(Task description) Your response should consist of the entire listing, transcribed exactly, with every image left out.

(Data shown)
"""

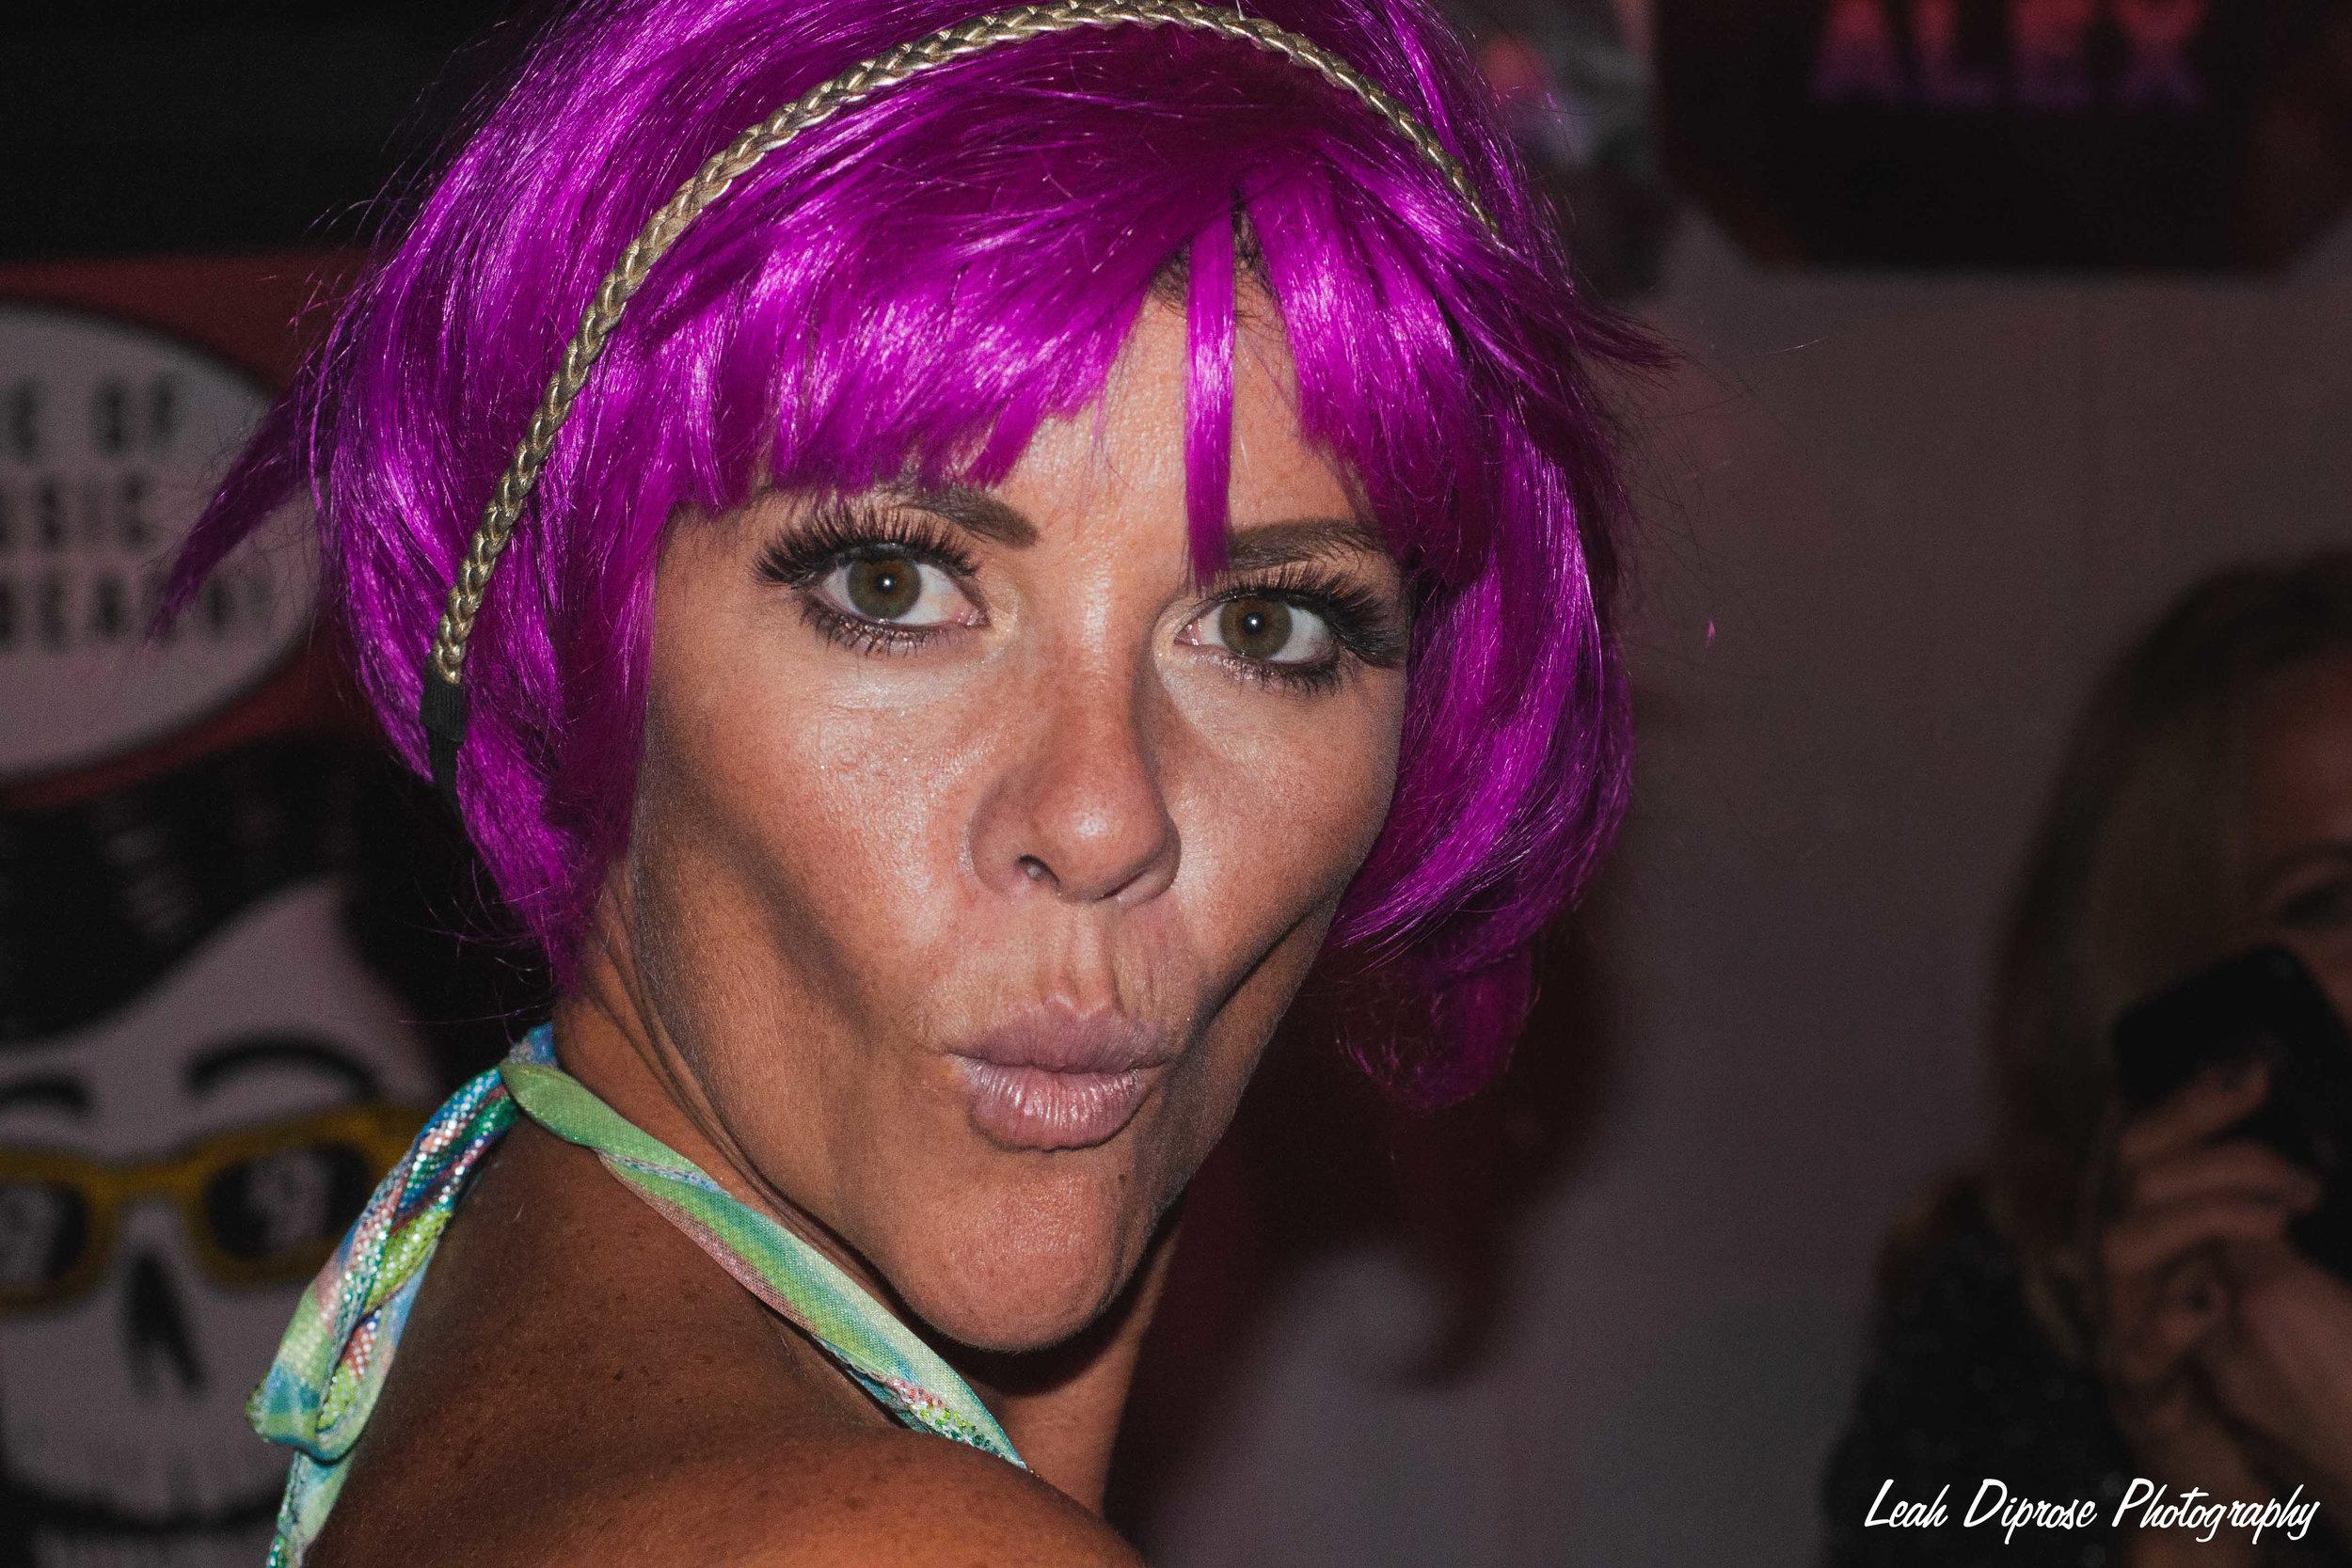 Leah Diprose Photography image-0230.jpg
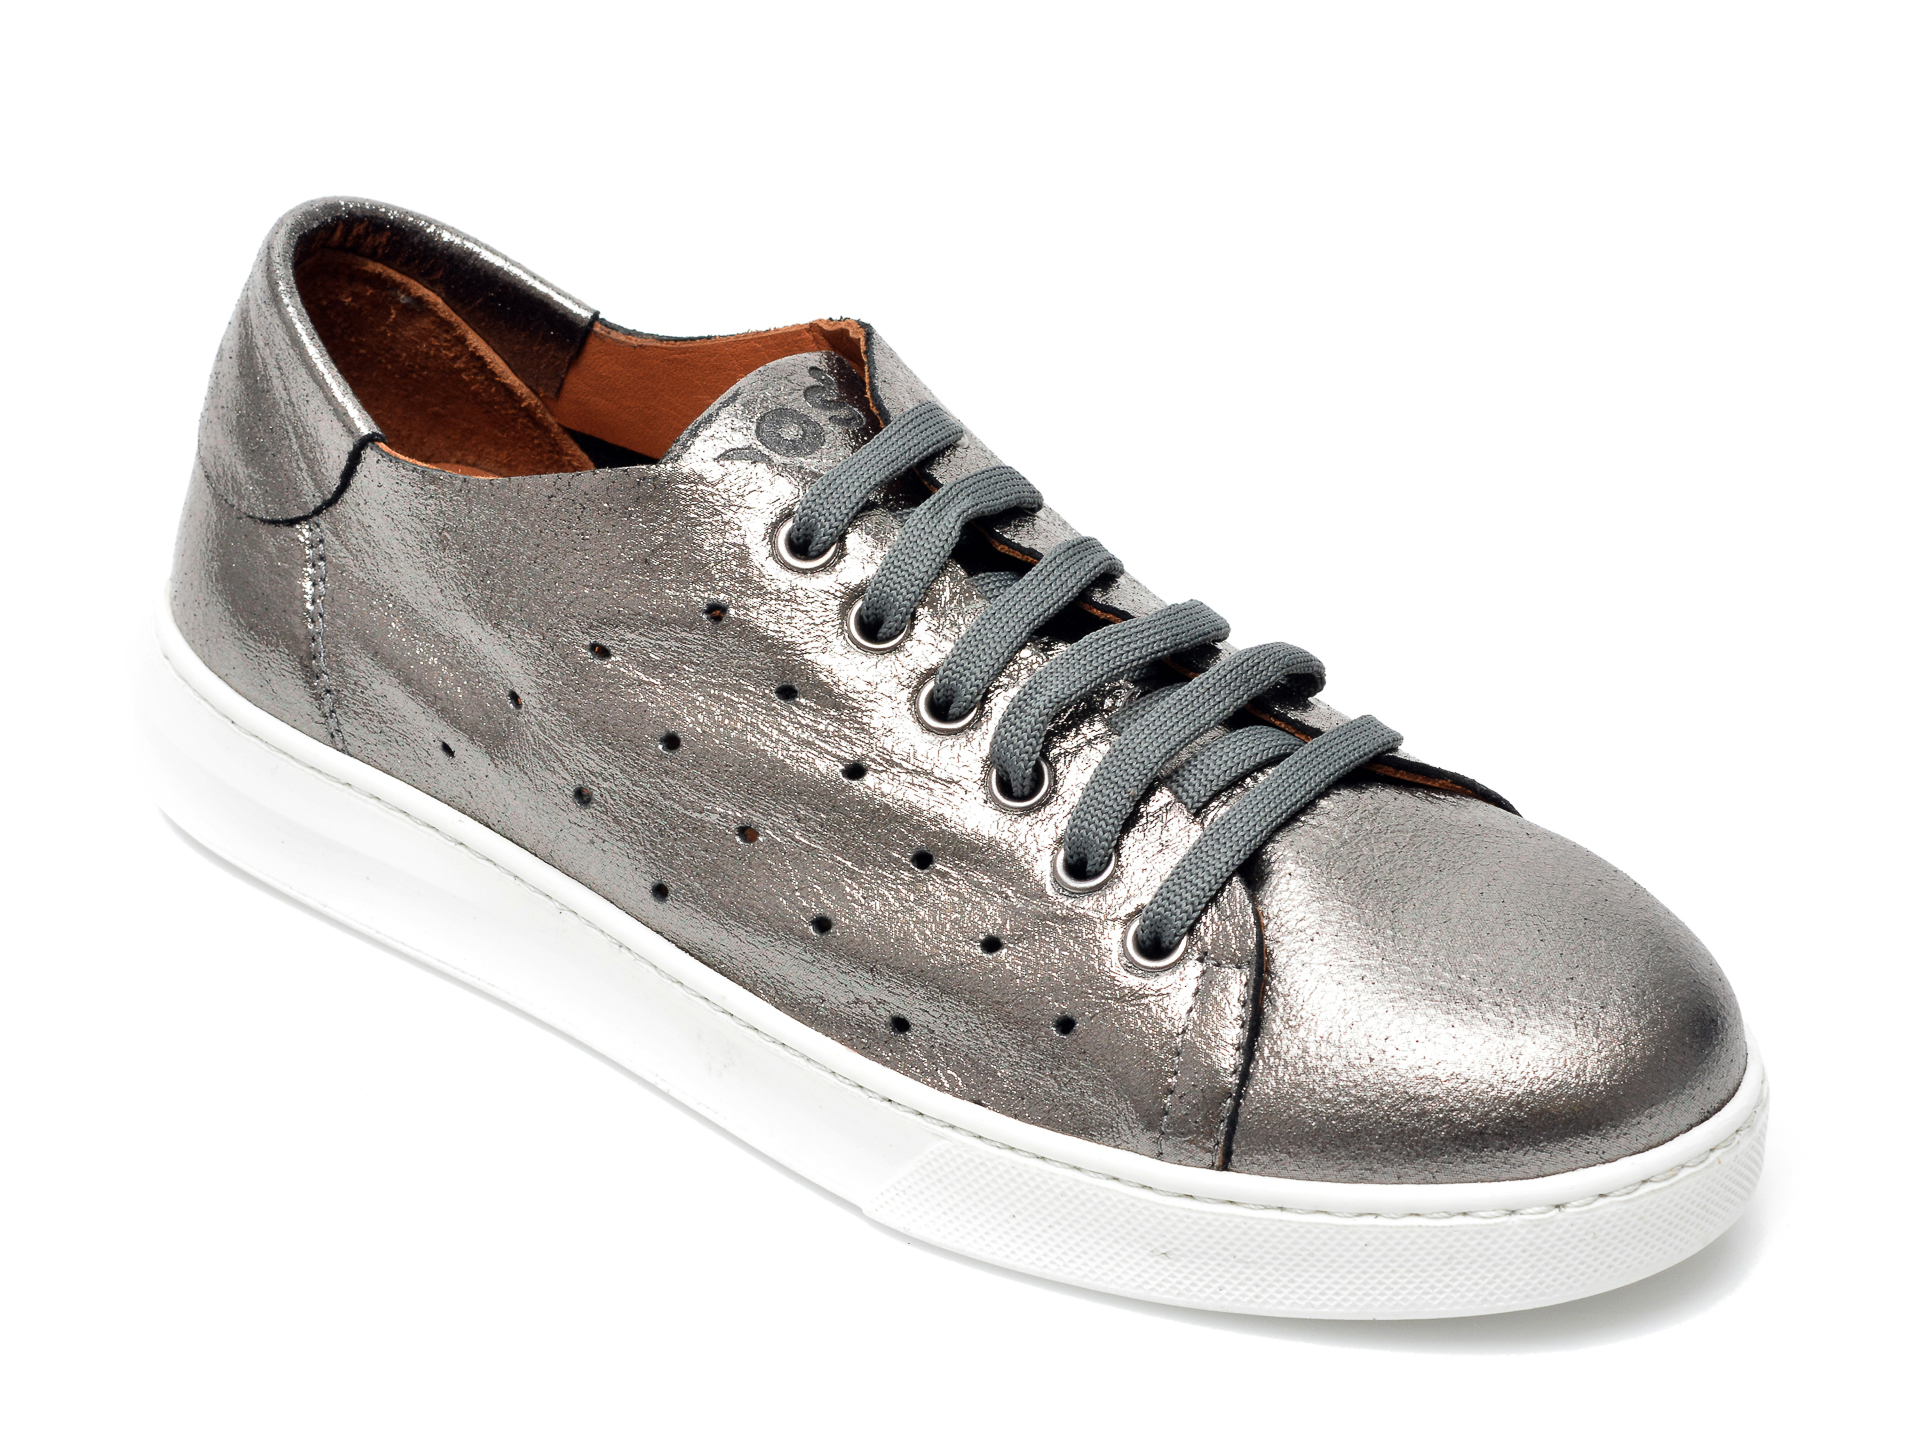 Pantofi BABOOS argintii, 2301, din piele naturala imagine otter.ro
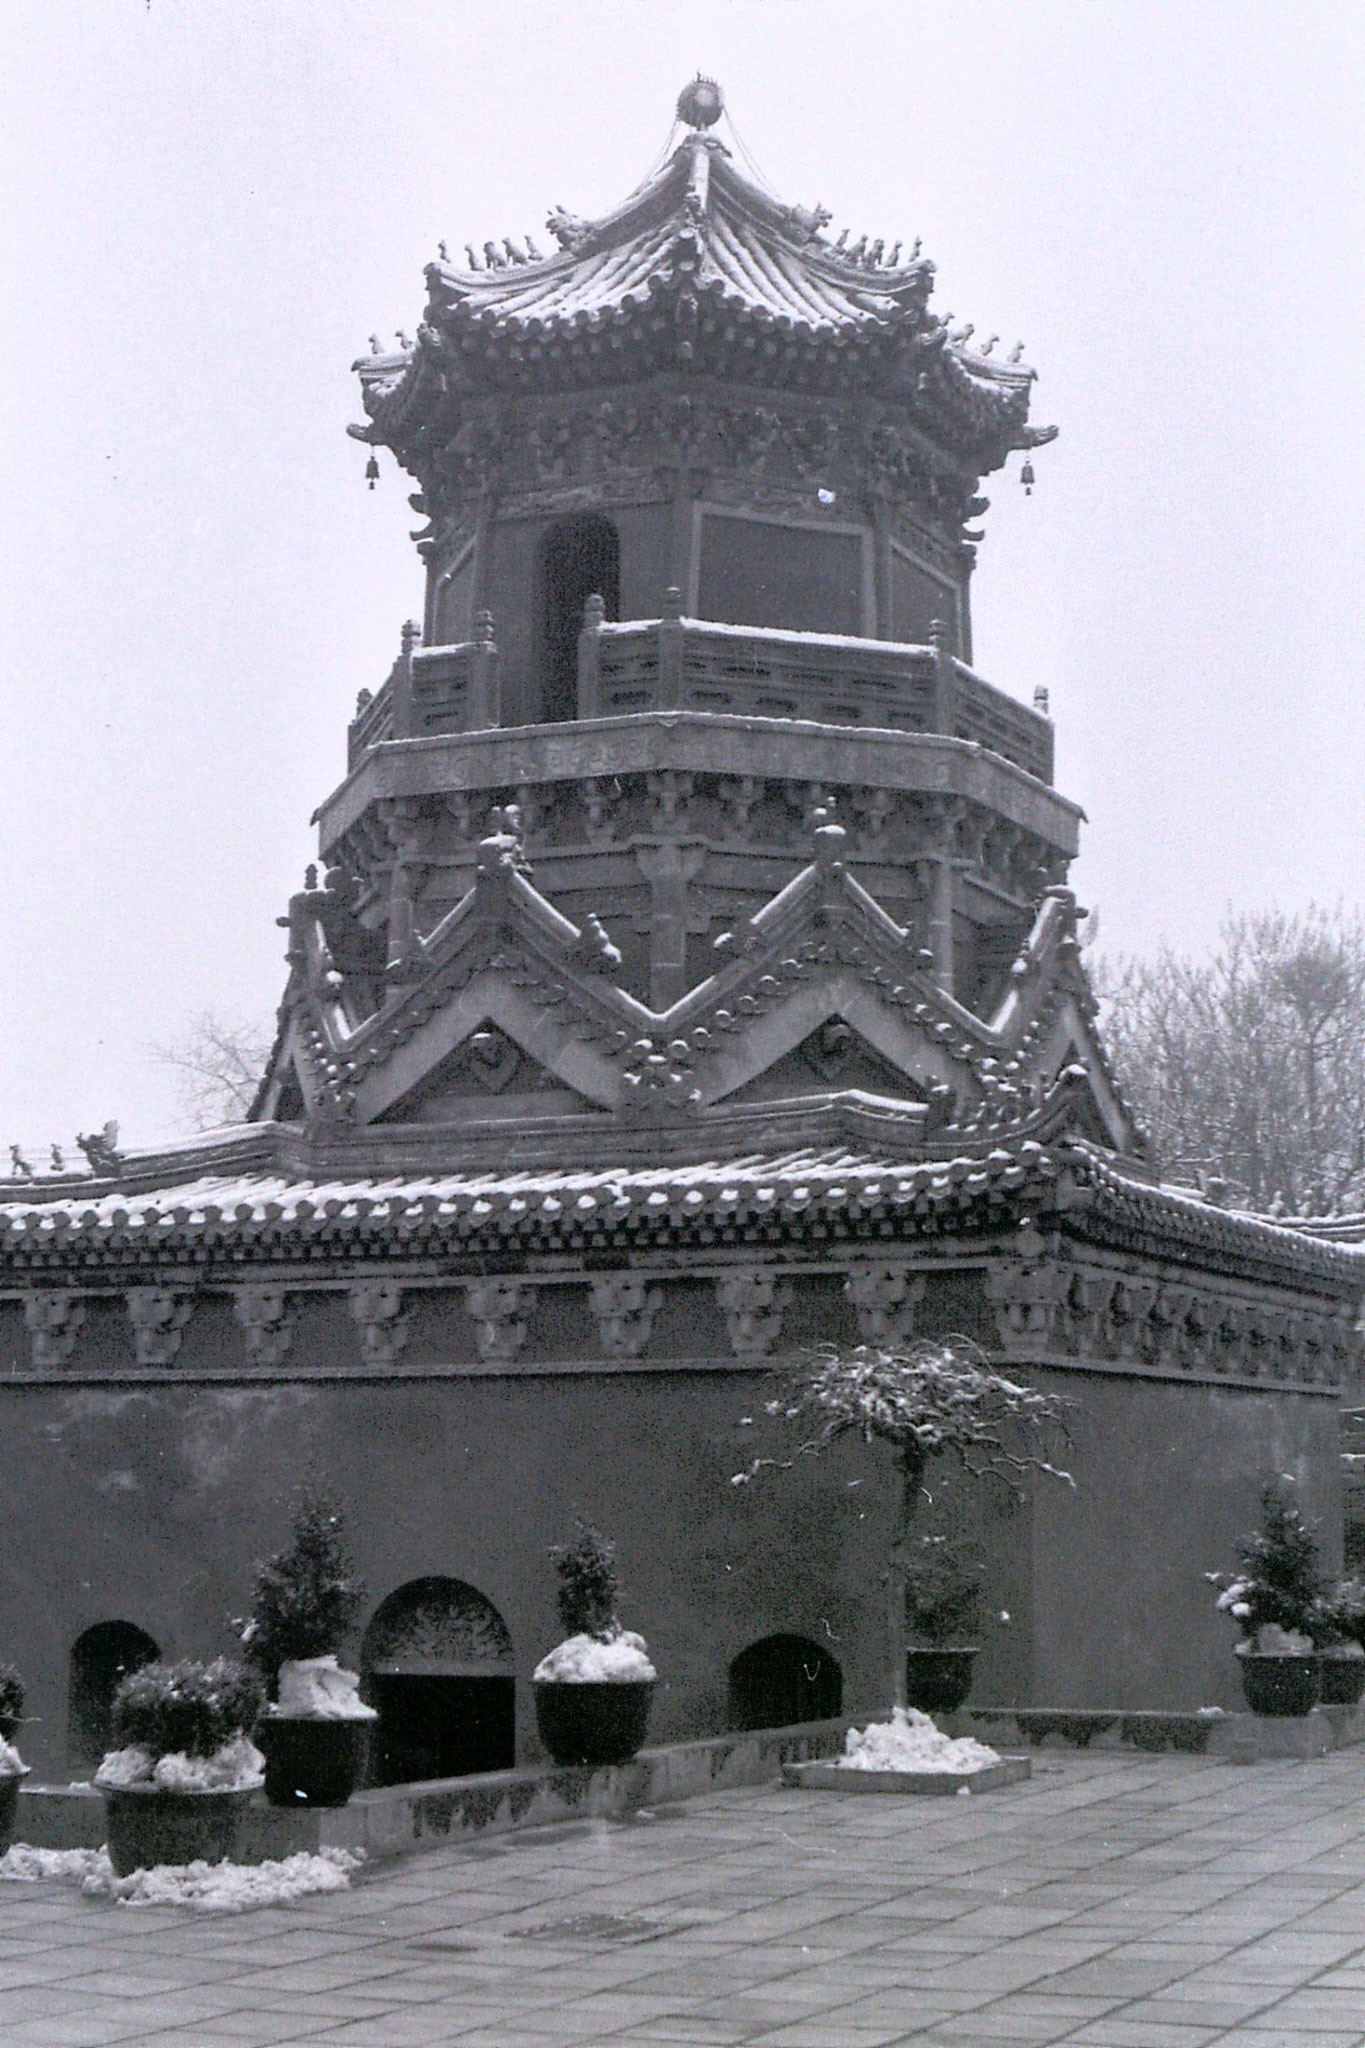 25/2/1989: 30: Tao temple Kaifeng

"""

(Task result)
 Leah Diprose Photography image-0230.jpg
 Pantofi BABOOS argintii, 2301, din piele naturala imagine otter.ro
 25/2/1989: 30: Tao temple Kaifeng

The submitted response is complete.